Article in the EU VAT Directive
Articles 73, 90 and 135 of the EU VAT Directive 2006/112/EC
- Euler Hermes SA Magyarországi Fióktelepe (‘the applicant’) is an insurance company which, in the course of its business, assumes the obligation to pay insured persons an indemnity in respect of a specified debt in the event of nonpayment by the insured’s client. The amount of the indemnity is generally set at 90% of the value of the unpaid debt plus VAT. Under the contract, payment of the indemnity results in the transfer to the applicant of the portion of the debt corresponding to the value of the insurance and all rights originally attributed to the insured. However, the applicant bears the effective burden of the VAT which insured persons have unsuccessfully passed on to their clients.
- Relying on the order of the Court of Justice of 24 October 2019 in Porr Építési Kft. (C-292/19, EU:C:2019:901), the applicant submitted to the tax authority on 31 December 2019 an application for a refund of the VAT included in the amounts paid in respect of insurance with effect from 1 January 2014, accounted for in the invoices issued with an enforcement date later than 1 December 2013, for a total amount of HUF 225 855 154 and EUR 128 240.44, plus the applicable interest.
- The applicant based its application on the fact that, in connection with the insurance product in question, it had paid the insurance, also including VAT, in respect of debts which had become definitively irrecoverable. For that reason, it claimed a reduction a posteriori of the taxable amount.
- On 29 January 2020, the Nemzeti Adó- és Vámhivatal Észak-budapesti Adó- és Vámigazgatósága (Budapest North Tax and Customs Directorate of the National Tax and Customs Authority, Hungary) (first-tier tax authority) rejected that application. It based its decision on the fact that the transactions which gave rise to the irrecoverable debts had not been carried out by the applicant.
- The applicant appealed against that first-tier decision, following which the Nemzeti Adó- és Vámhivatal Fellebbviteli Igazgatósága (Appeals Directorate of the National Tax and Customs Authority, Hungary; ‘the defendant’) upheld the first-tier decision on 15 April 2020. It based its decision on the fact that, from a tax law perspective, the applicant was not the insured persons’ successor under the insurance contracts. Accordingly, one the of the substantive conditions for a refund of the tax had not been met.
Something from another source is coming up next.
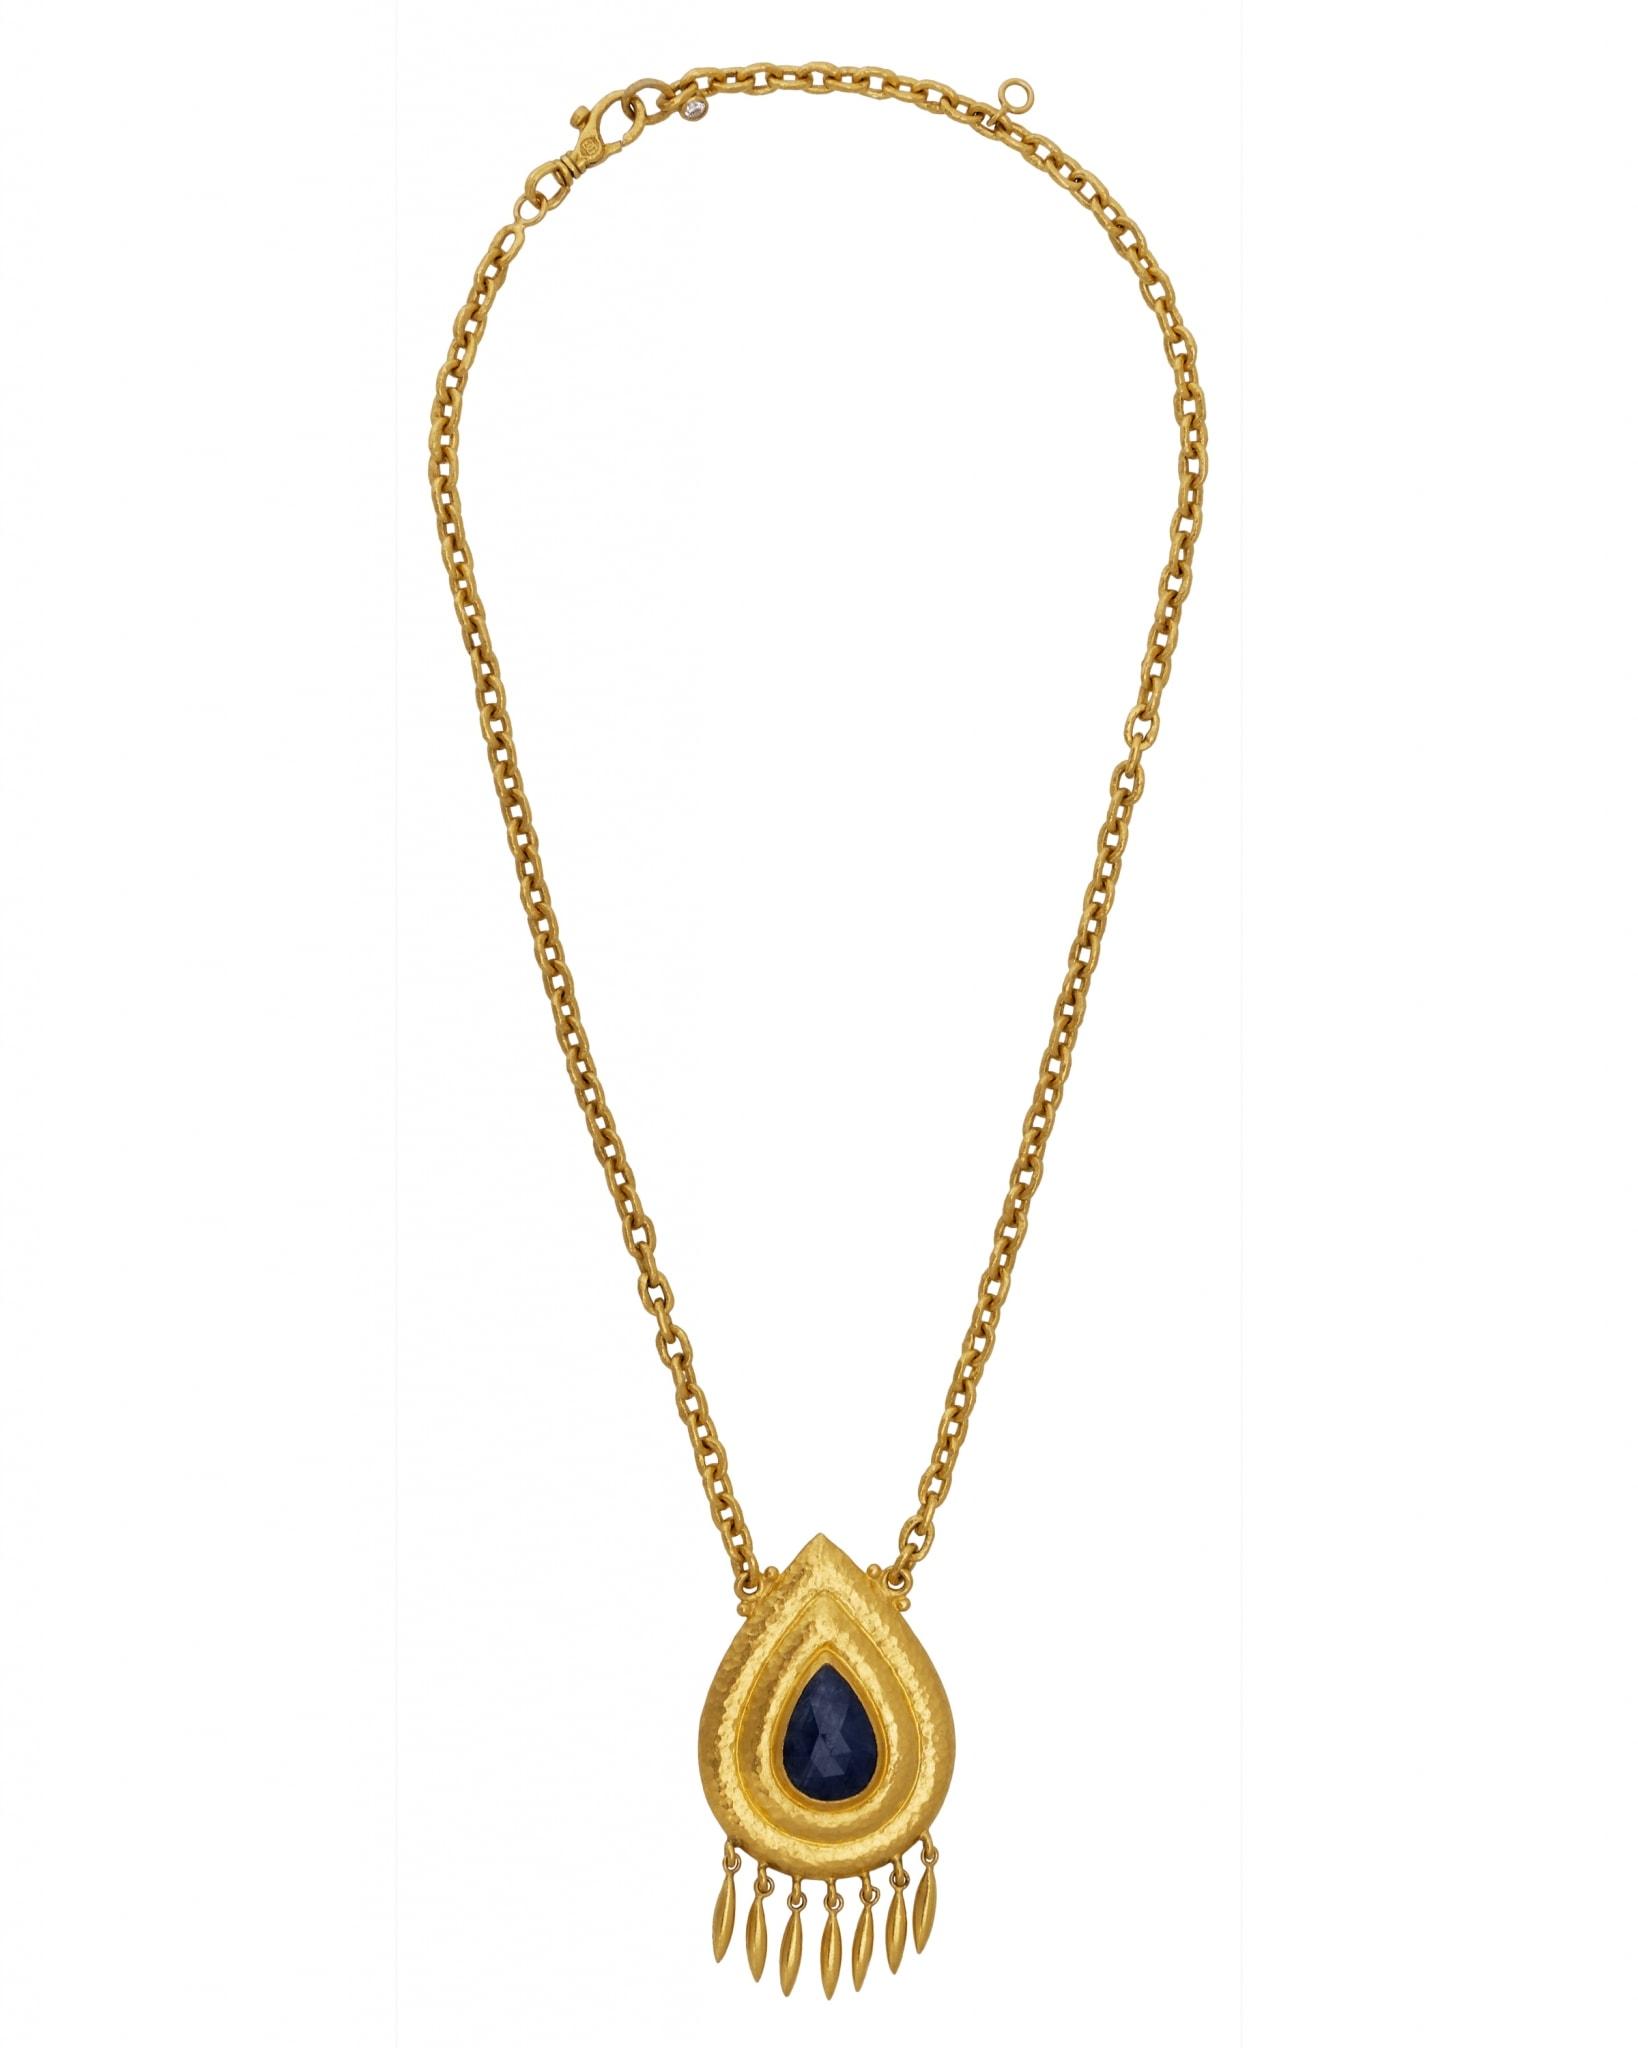 GURHAN 24K Yellow Gold Sapphire Necklace N-U8691-SA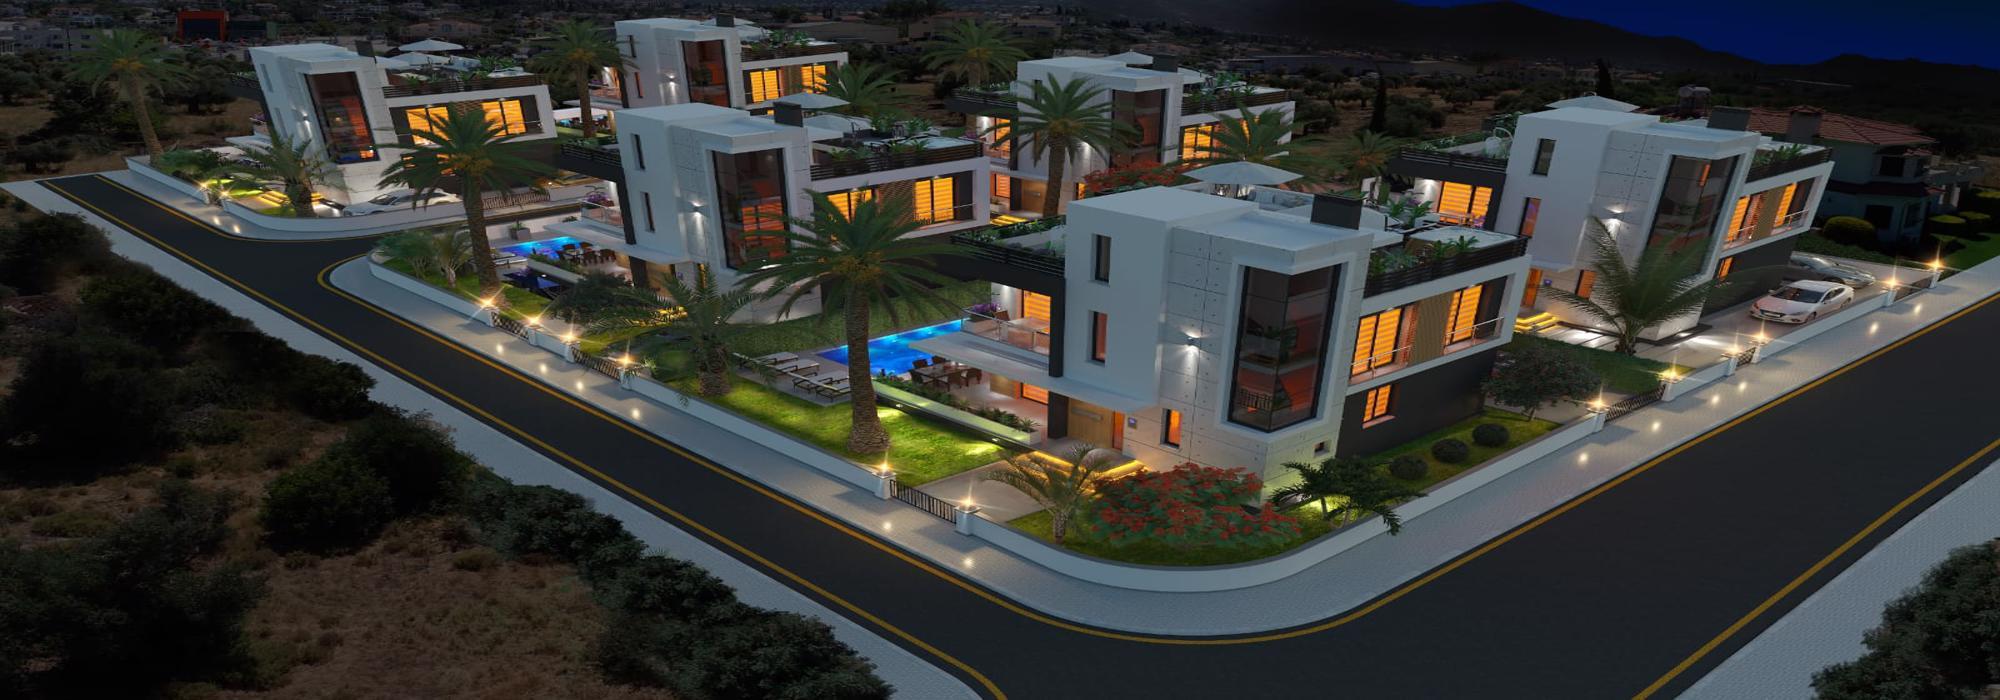 Elegant 4 Bedroom Villa For Sale Location Catalkoy Girne (Turkish Title Deeds)

- The applicant lodged an administrative appeal before the referring court, seeking, principally, the amendment of the defendant’s decision and, in the alternative, the annulment of that decision and an order that the defendant conduct a new procedure.
Do the principles of proportionality, fiscal neutrality and effectiveness –having regard, in particular, to the fact that a Member State may not charge an amount of VAT exceeding that actually received by the supplier of goods or services in respect of that supply of goods or services – and the exemption laid down in Article 135(1)(a) of the VAT Directive – articularly as regards the requirement that that activity is to be treated as a single exempt transaction, by reference to the principles laid down in points 35, 37 and 53 of the Advocate General’s Opinion in Case C-242/08, Swiss Re – and the obligation to guarantee the free movement of capital and services in the internal market preclude a practice of a Member State pursuant to which the reduction applicable to the taxable amount in the event of definitive non-payment, as provided for in Article 90(1) of the VAT Directive, is not applicable where an insurer, in the course of its commercial credit insurance business, paid an indemnity to the insured person in respect of the taxable amount and also in respect of the VAT due when the risk materialised (non-payment by the insured’s client), meaning that, under the insurance contract, the debt, together with all associated rights of enforcement, was assigned to the insurer, in the following circumstances:
(i) at the time when the debts in question became irrecoverable, national law did not allow any reduction of the taxable amount in respect of an irrecoverable debt;
(ii) since the incompatibility of that prohibition with Union law was made clear, national positive law has consistently excluded outright the refund of VAT on an irrecoverable debt to the original supplier of the goods or services (the insured person) on the grounds that the insurer has reimbursed that amount of VAT to the supplier; and
(iii) the insurer is able to show that its claim against the debtor has become definitively irrecoverable?